To find this gap, we first need to lay out all the topics around our area of research. The research gap will be almost directly visible in the diagram. We will use Draw.IO, one of the best tools for making diagrams. The main reasons I prefer it over others (especially online tools):

  • Your diagram is inside an editable image. You can embed it into your notes, edit it later and have all the notes updated.
  • It is complex enough to allow for any layouts (unlike, for example, Scrintal, Obsidian Canvas or Heptabase).
  • It is free and runs offline, making it pretty fast. You can synchronize all your work in the cloud using it in combination with Google Drive or Obsidian Sync.

Visualizing your research

We need to zoom out to see research gaps or connections. Let’s look at the result and see why this is a good idea before getting into the tutorial and exploring how to do it. Here is a video of a complex research topic that I have been exploring.

  • Each color and shape has a meaning
  • Different arrow colors/shapes also have meanings.
  • There are a lot of annotations referring to papers, e.g. “Doak 2010.”
  • There is a logical flow from left to right (which is not always the case).

This example summarizes a month’s worth of reading (just note how many papers there are). This means that what you read in a month fits into a relatively small overview. Now, I can access my entire reading in a few seconds. Visual diagrams like this give you massive amounts of information, improving memory and synthesis skills.

Here is another static example from a different domain. Notice the same ideas here as well: Dozens of papers are usually associated with connections, as connections are the research gaps, and thus, publications will always be related to connections in these diagrams.

The key to using visual thinking effectively is to develop a language and keep refining it until you can express everything your research requires. This language will be personal and work only for your domain. We will create our language step-by-step. To get an idea, here is the legend I used for the diagram above:

While it looks complicated now, it started with a few simple elements. Over time, more and more connections and node types have joined. You might already get the idea of how to spot the research gap: Find two unconnected elements and think of a possible new connection between them. Once you have mapped out all connections in the literature, any new and feasible connection will be a research gap. It will be almost obvious to spot. The work is in creating these diagrams. Luckily, making them is a straightforward step-by-step process requiring little thinking. We effectively broke down the enormous task of finding the research gap into a series of small (and enjoyable) steps!

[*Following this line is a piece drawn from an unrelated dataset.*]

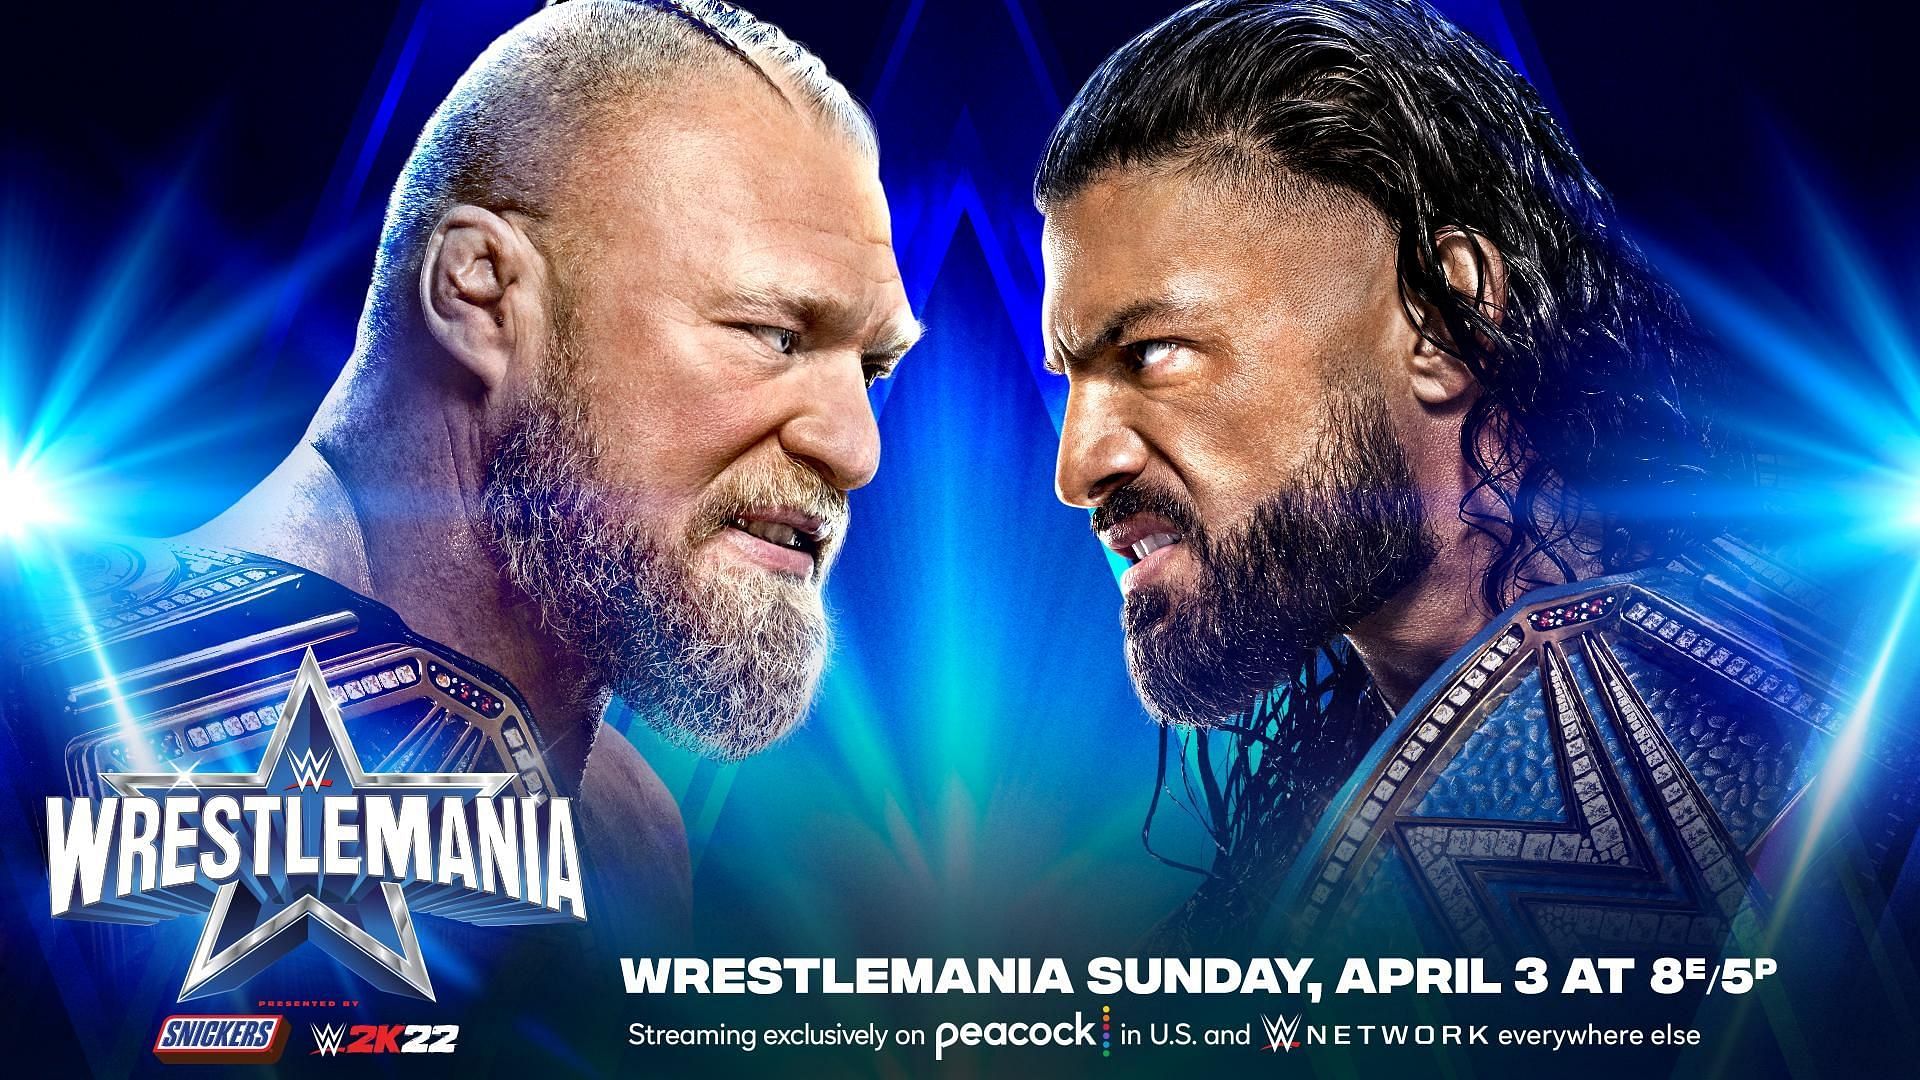 Brock Lesnar and Roman Reigns will compete on WrestleMania Sunday

Getting started with Draw.io

DrawIO is a free tool that you can access online at https://www.drawio.com/. I recommend downloading the tool and using it offline.

After downloading, you can create a new diagram. To embed this diagram into Obsidian (and many other tools), use the SVG (or PNG) format. The difference is that SVG is a vector format, which means your images can be scaled up without losing any quality.

You can then store these images directly inside your note-taking tool (I use Obsidian). In Obsidian you will store the SVG file inside your vault and then embed it like you would any other image using the ![[filename.svg]] format. Adding a |800 behind it will limit the image’s width, if necessary.

Obsidian embedding a DrawIO SVG diagram.

Creating a visual language for your work step-by-step

Let’s get started creating a visual language. I will run you through an example in my domain. It will be very different from you. Note, however, that we start simple and become increasingly complex; this is the key takeaway.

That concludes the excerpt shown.